Docs/Guides/Choosing the Right Calculator

Choosing the Right Trial Design Calculator

A method-selection map across the Zetyra calculator suite. First identify the design problem; then choose the calculator. Most calculators are not substitutes — they operate at different layers of the design.

When to use this guide. You have a trial-design question and need to map it to the right Zetyra calculator. The interactive picker at /docs/which-calculator is faster for a single decision; this page lays out the full method-selection map for readers comparing multiple options or designing a multi-layered protocol.

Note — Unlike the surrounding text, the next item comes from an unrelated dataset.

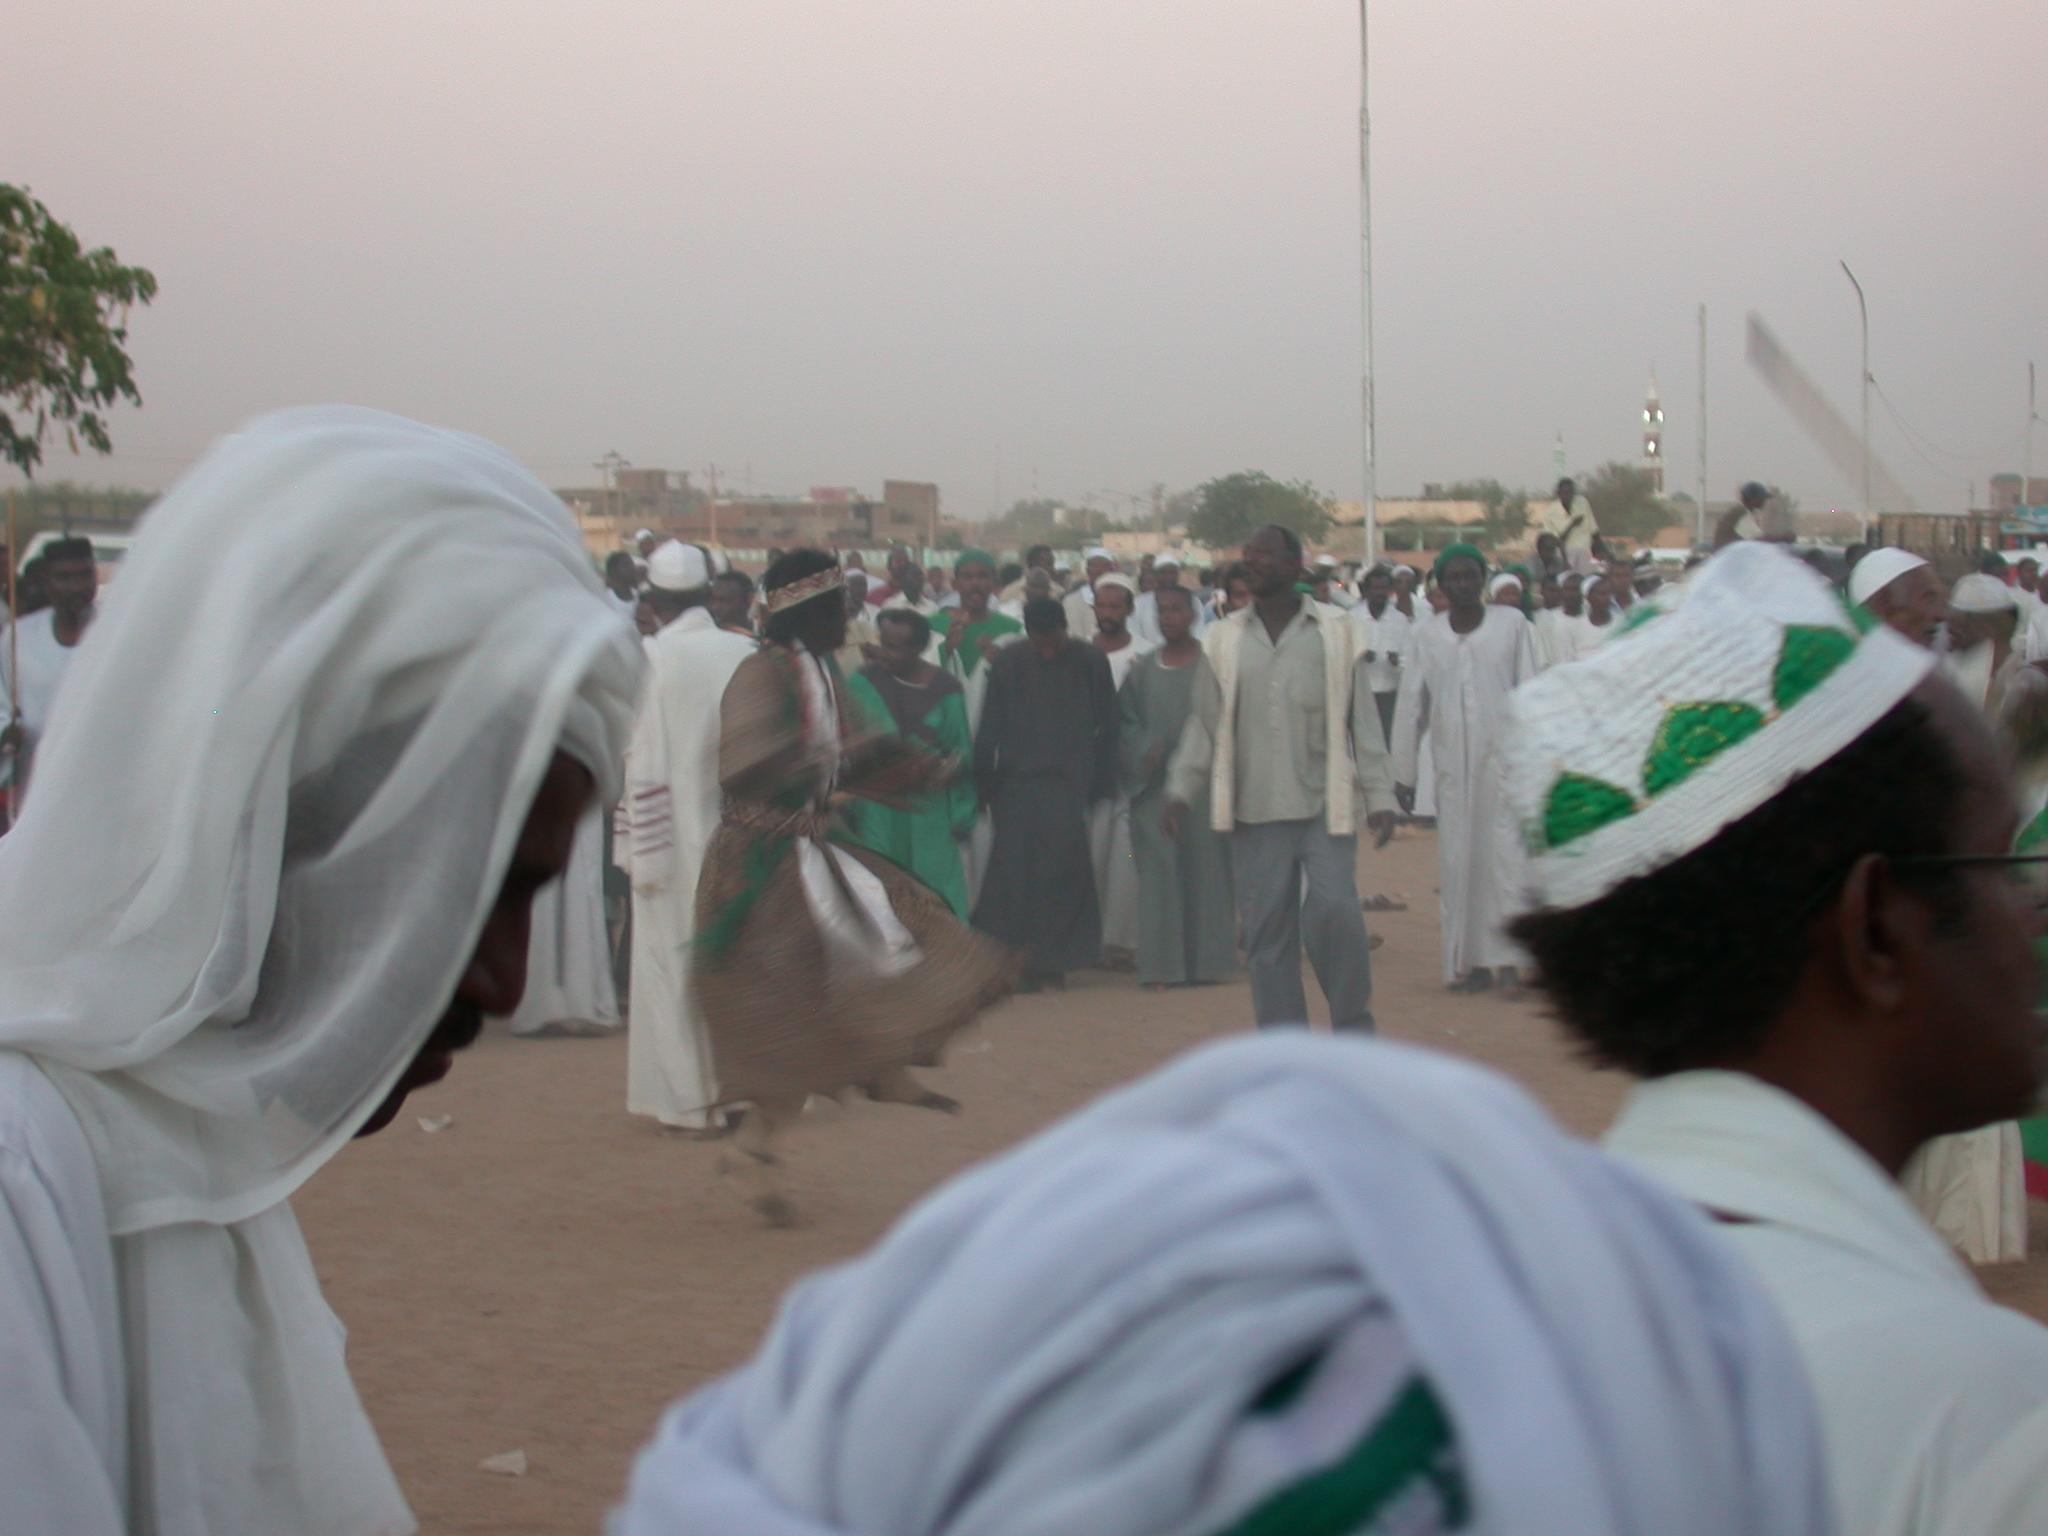 Sufi Dancing, Omdurman, Sudan
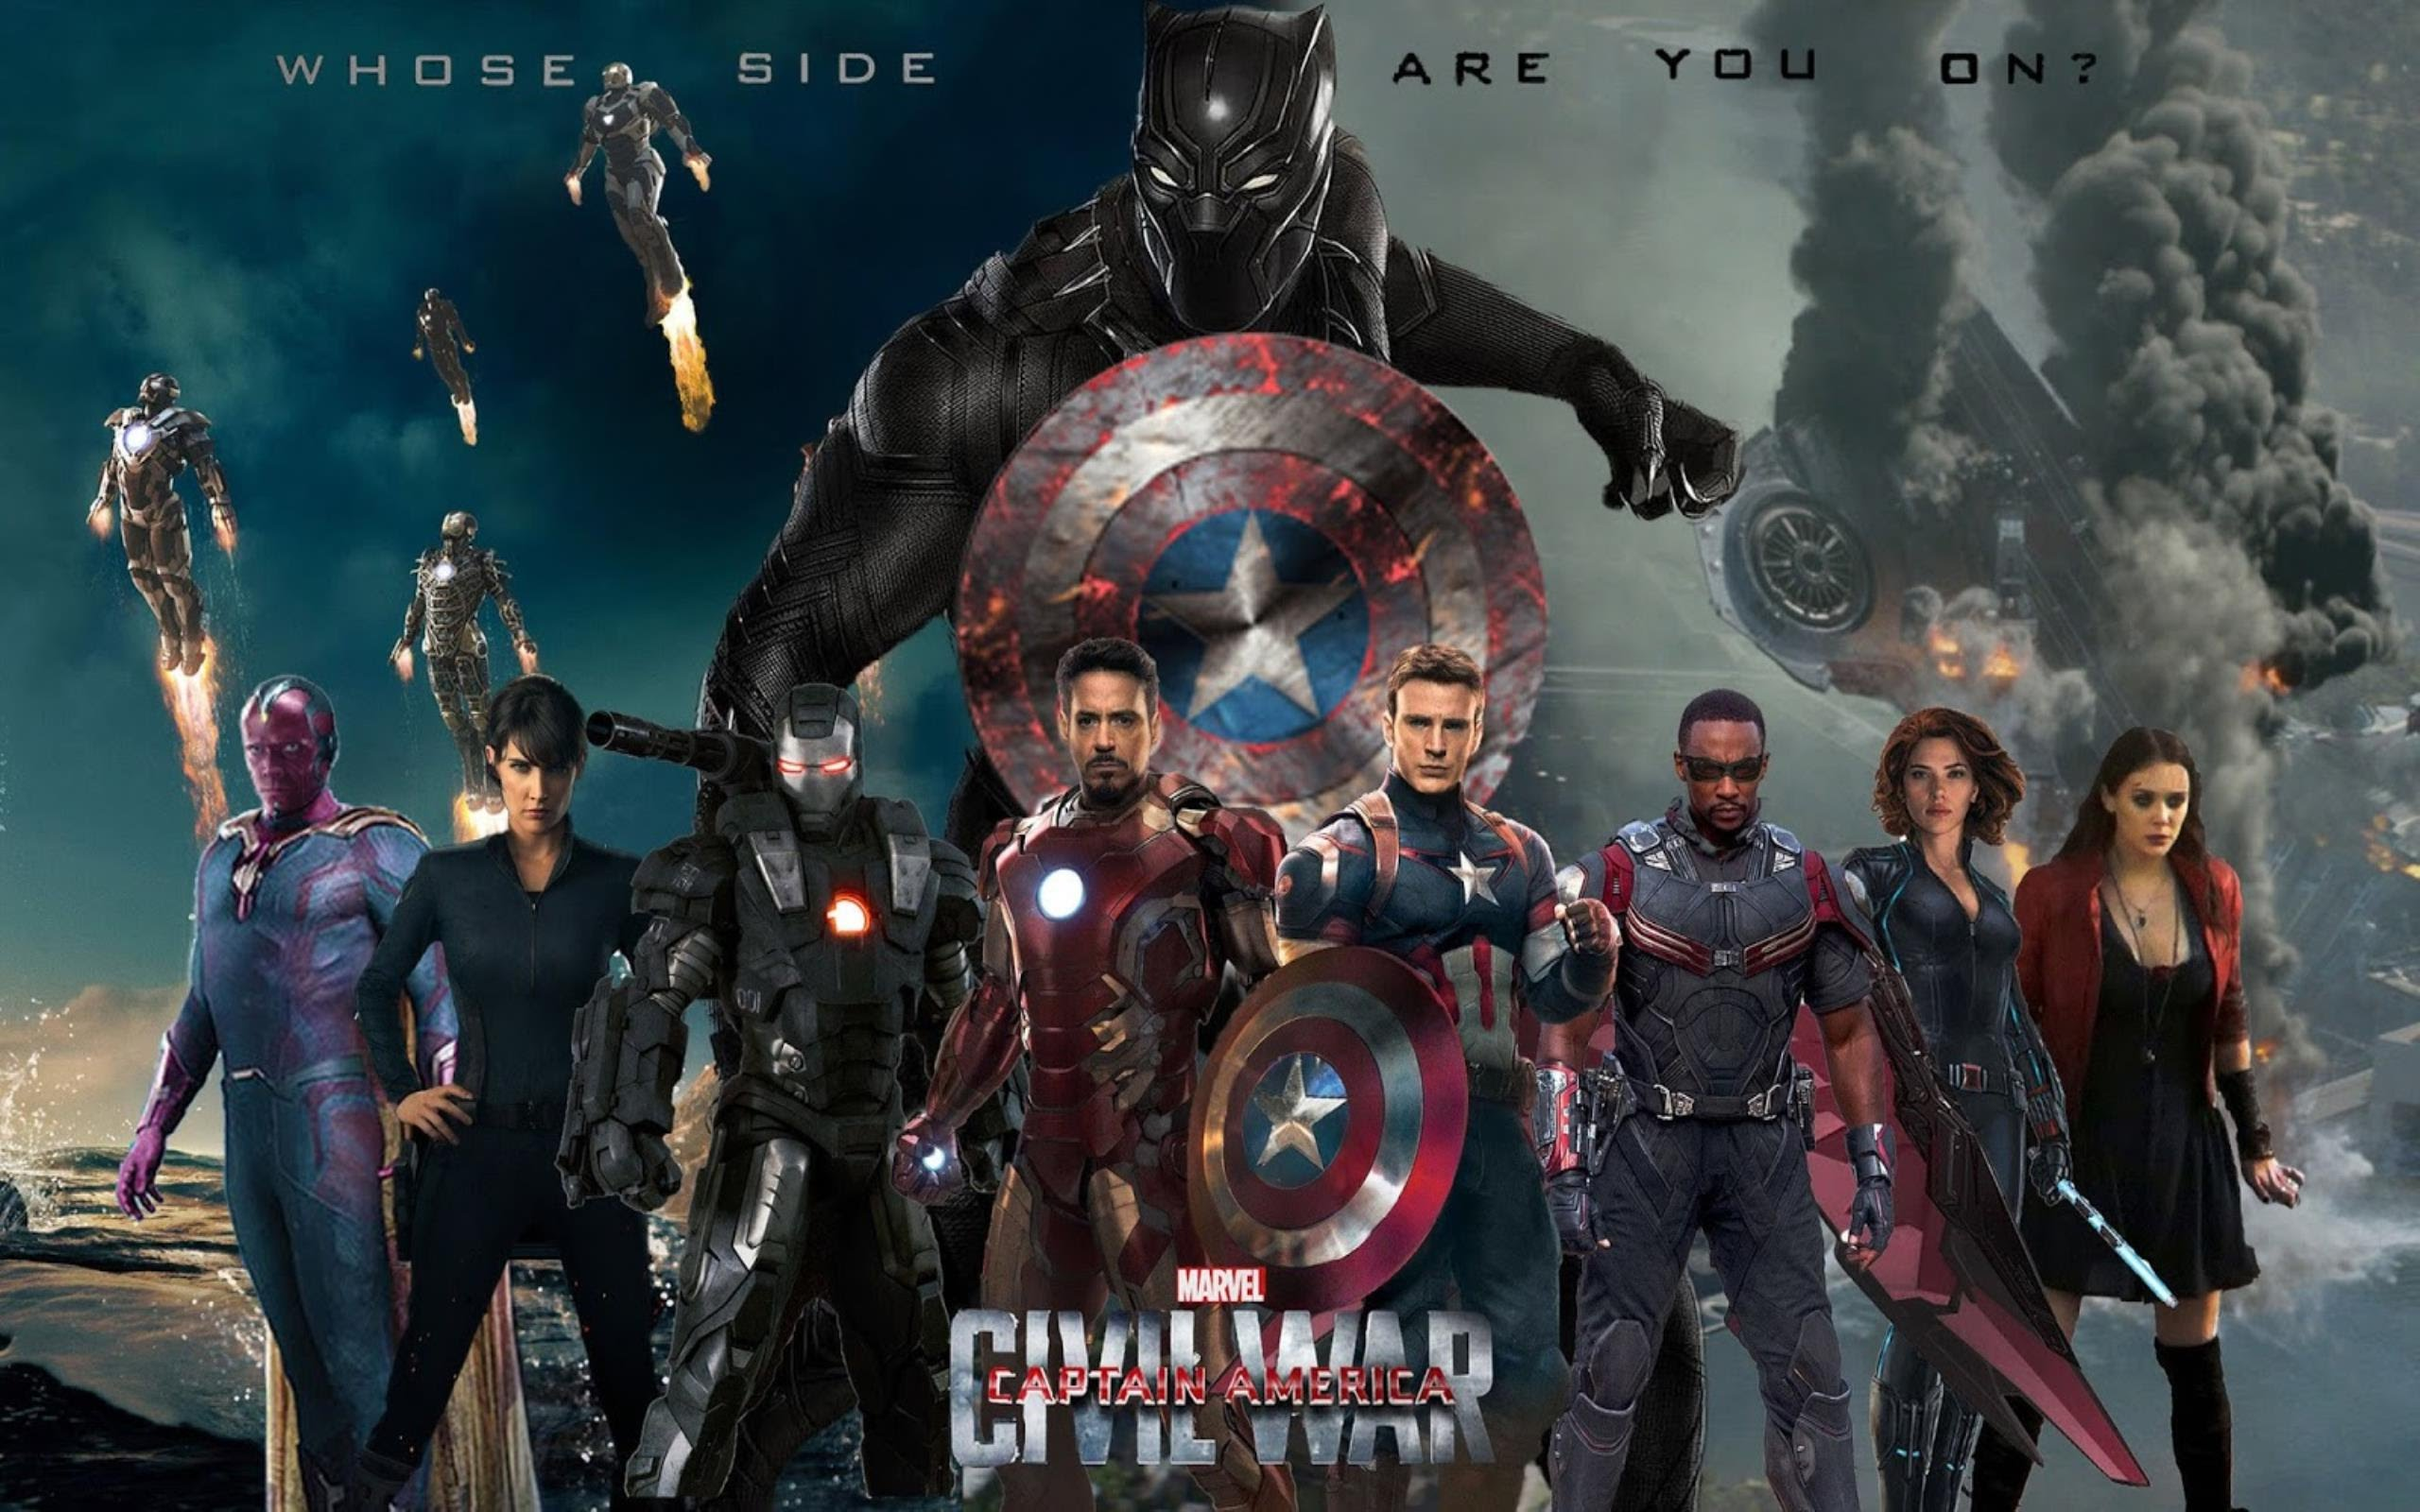 Captain America: Civil War Background

1. Start here: what decision are you making?

Map your design question to the calculator that owns that decision:

Design questionCalculator(s)
How many subjects or events do I need for my endpoint?Sample Size (continuous / binary / survival / NI / cluster / longitudinal) · Chi-Square
Can baseline covariates reduce my variance?CUPED
Can I stop early for efficacy or futility?GSD or Bayesian Sequential
Do I need to re-estimate sample size mid-trial?Blinded SSR · Unblinded SSR · Single-Arm SSR
Is allocation adaptive, stratified, or fixed?Randomization guide · RAR
Is it a single-arm Phase II / rare-disease trial?Single-Arm guide · Bayesian Sample Size · SSR Single-Arm
Am I borrowing historical or external data?Prior Elicitation · Bayesian Borrowing · Bayesian Toolkit
Is it a basket / umbrella / platform trial?Master Protocols · Basket · Umbrella · Platform
Am I combining multiple adaptive mechanisms?Composed Pipeline T1E

2. The design problem in layers

The calculators don't form a flat list of substitutes. They live at different layers of the trial design, and a given trial often touches several layers at once.

Foundation sizing

How big must the trial be to detect the planned effect at the target power? Every design starts here. The Sample Size Calculator covers continuous, binary, and survival endpoints with extensions for non-inferiority, cluster-randomized, and longitudinal designs; Chi-Square covers categorical endpoint-specific planning.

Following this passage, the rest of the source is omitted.